Fonte:Coral da Faculdades de Letras da
UFMG / FALE/ (www.letras.ufmg.br/coral)
HISTÓRIA DO CANTO CORAL
Texto: Eduardo Fonseca
O Coro é o
mais antigo entre os grandes agentes sonoros coletivos.
Antigos documentos do Egito e Mesopotâmia revelam-nos
a existência de uma prática coral ligada
aos cultos religiosos e às danças sagradas.
O termo Chóros possui um sentido bastante amplo
e com o decorrer da história passou por diversos
significados. Em sua origem grega, Chóros, representava
um conjunto de aspectos que, somados, iam ao encontro
do ideal do antigo drama grego de Ésquilo, Sófocles,
e Eurípedes. O conjunto consistia em Poesia, Canto
e Dança.
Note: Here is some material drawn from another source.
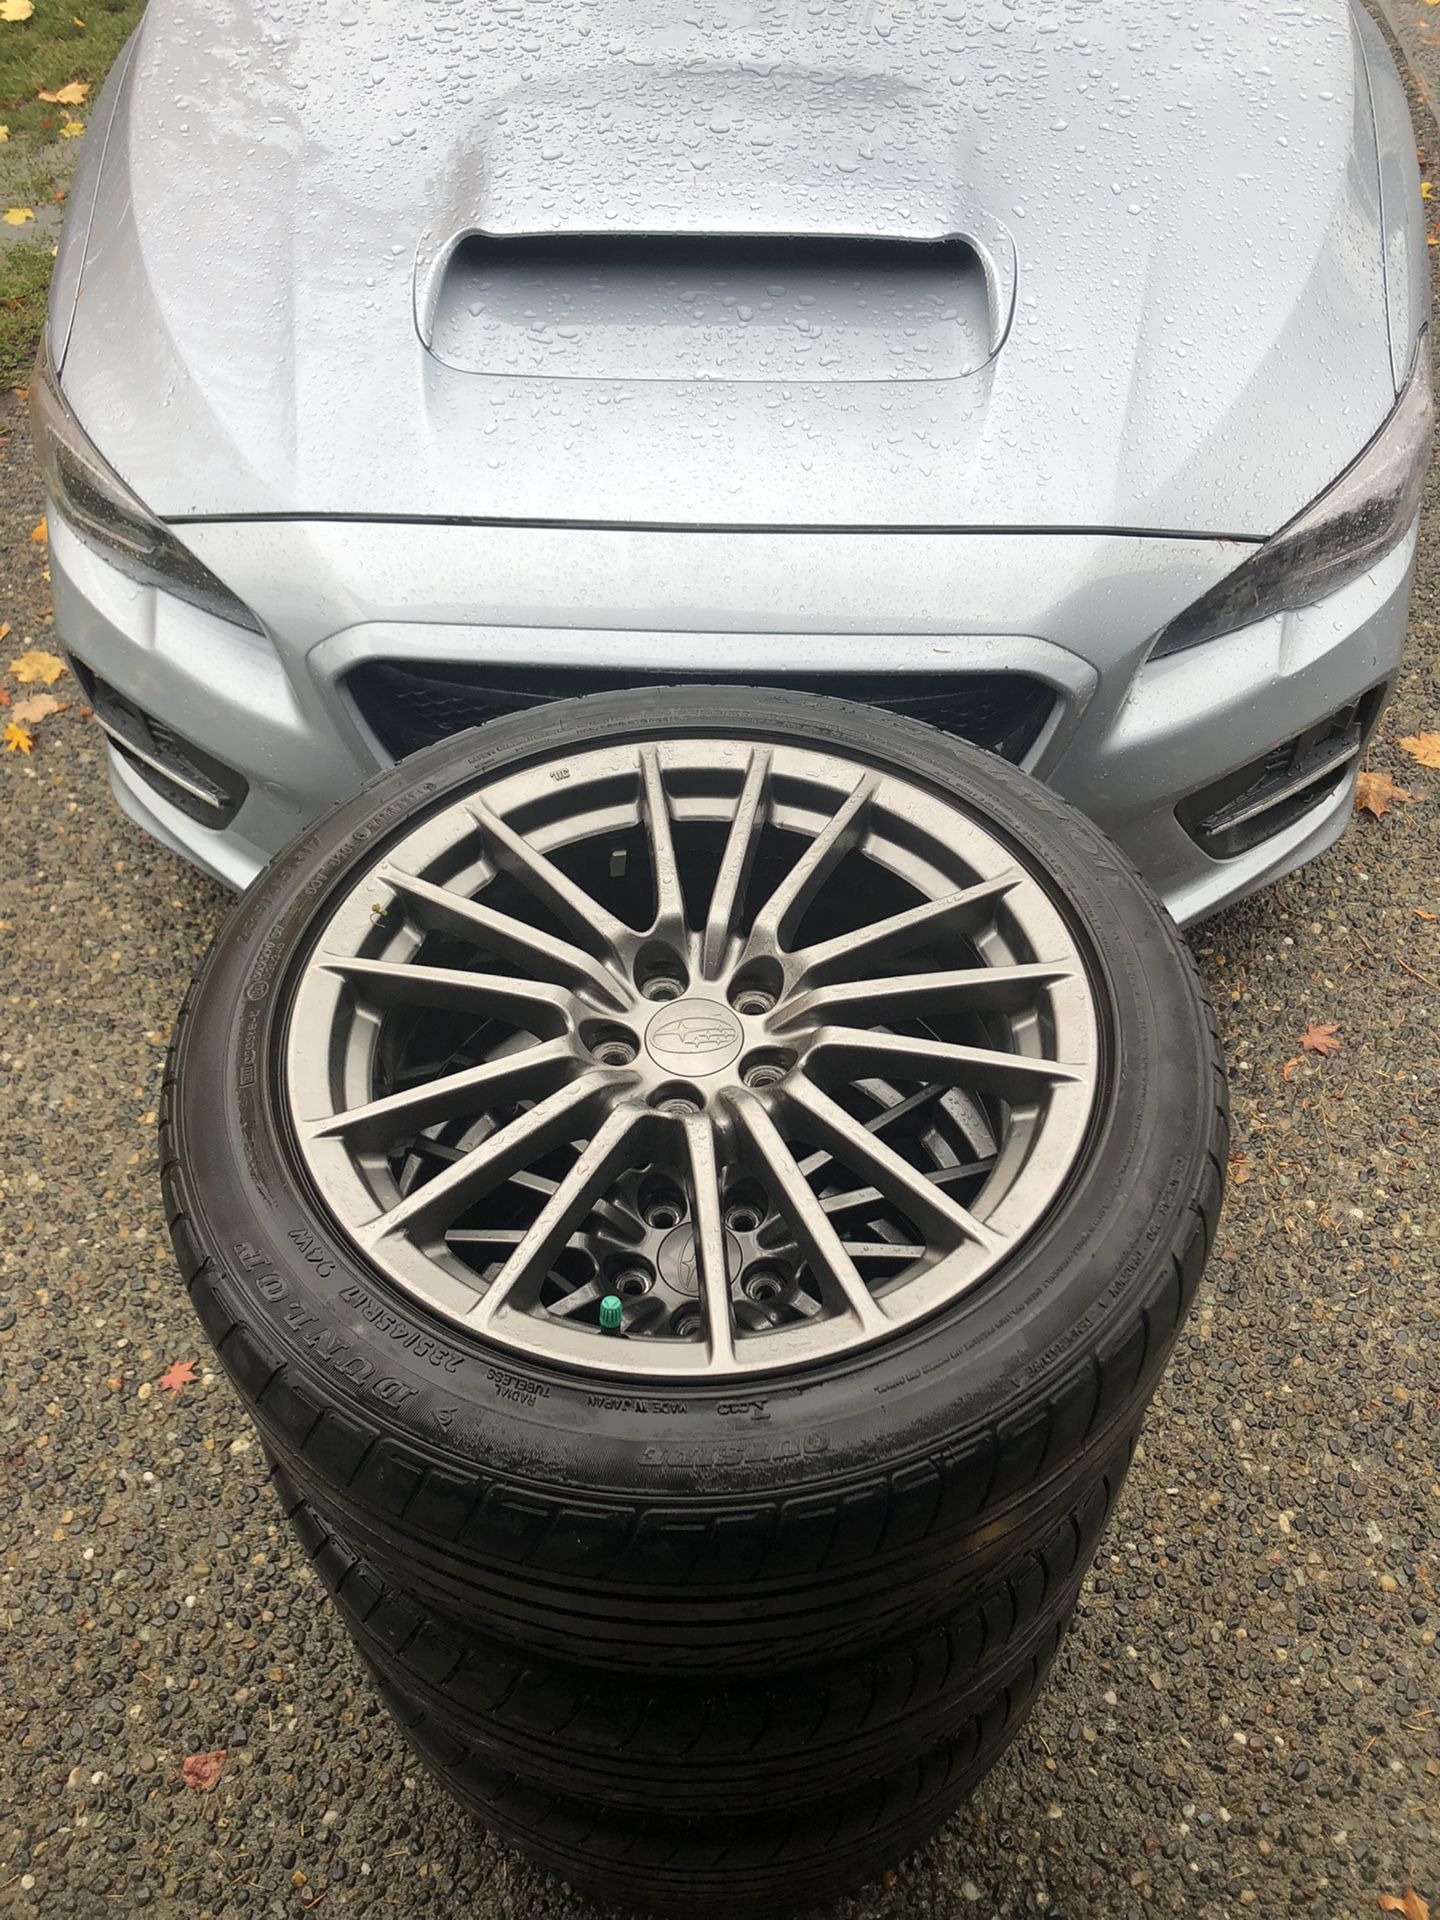 5x100 235 45 17 Subaru Factory Rims And Tires As Is On Picture Dunlop SP SPORT 01 Priced To Sell

O Cristianismo antigo o adotou com outros
sentidos, passando para o termo latino Chorus que significava
o grupo da comunidade que canta ou a abside (recinto poligonal
em que termina o Coro da igreja) junto ao altar, separada
da comunidade pelas cancelas e mais tarde também
denominada o lugar onde se coloca o órgão.
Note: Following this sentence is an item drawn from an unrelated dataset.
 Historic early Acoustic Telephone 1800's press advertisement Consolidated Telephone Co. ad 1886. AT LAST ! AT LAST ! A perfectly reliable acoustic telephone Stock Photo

A estrutura a mais vozes, porém
deve ser distinguida sob dois diferentes aspectos, isto
é, sob o ponto de vista de procedência e
sob o ponto de vista de objetivo. O Cantus-Planus, como
representante do canto monódico, mesmo sendo executado
por um Coro e a música Figuralis, como representante
do canto a mais vozes que mais tarde, assume uma técnica
mais rebuscada e artística. O elo que une os dois
é que o primeiro serviu de ponto de partida, de
fundamento para o segundo, isto mais ou menos pelos séculos
VII e VIII, quando surgiu uma polifonia “aparente”
com o organum, executado em quintas paralelas, tendo por
base o Choral que se impôs como Cantus Firmus. Somente
no século XI é que o sentido polifônico
assumiu uma característica mais independente, mais
polifonia real, que apesar de dos ritmos semelhantes ousava
enfeitar o Cantus Firmus. Surge então o Cantus
Floridus, que quebrou a monotonia, assumindo papel mais
independente, inclusive ritmicamente. Iniciava-se o Contraponto.
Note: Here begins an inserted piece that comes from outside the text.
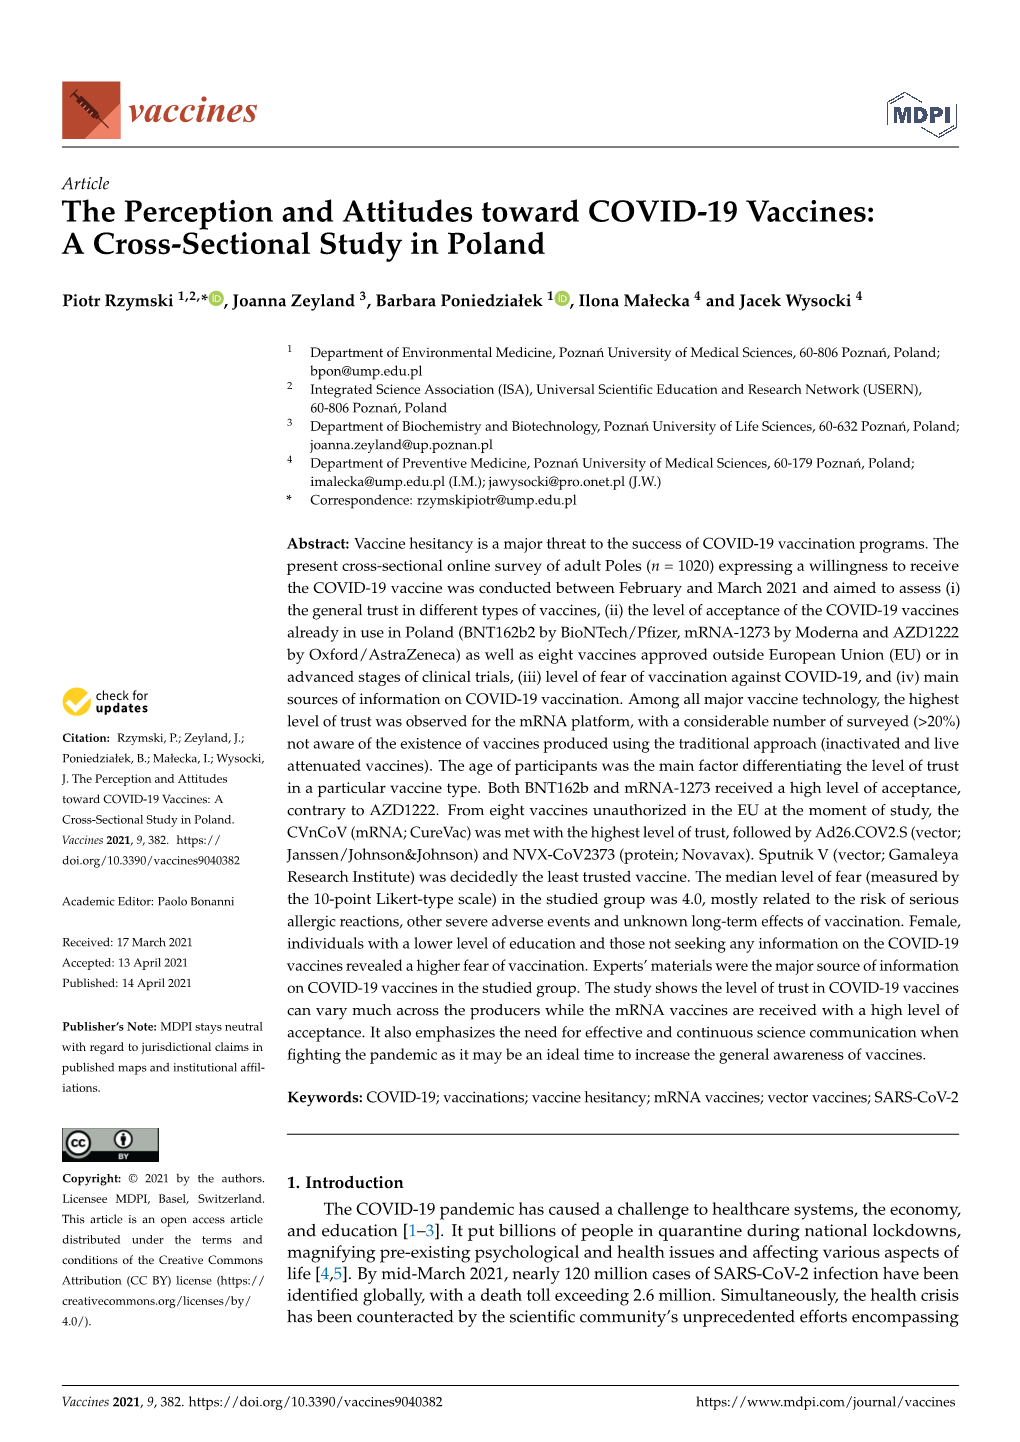 The Perception and Attitudes Toward COVID-19 Vaccines: a Cross-Sectional Study in Poland

Deste modo, realizou-se no século XII a primeira
reforma coral.
Com uma estrutura a
três vozes o coral atingiu seu apogeu no século
XIII principalmente na Escola Parisiense de Notre-Dame.
Com o desenvolvimento da técnica coral novas formas
apareceram, onde se estabeleceu a tão comum estrutura
a quatro vozes. Apareceram três formas corais distintas:
O Conductus, que possuía forma mais festiva; o
Rondellus, uma espécie de cantiga de roda; e o
Motetus, que das três era que possuía maior
originalidade e consequentemente foi a que mais se desenvolveu.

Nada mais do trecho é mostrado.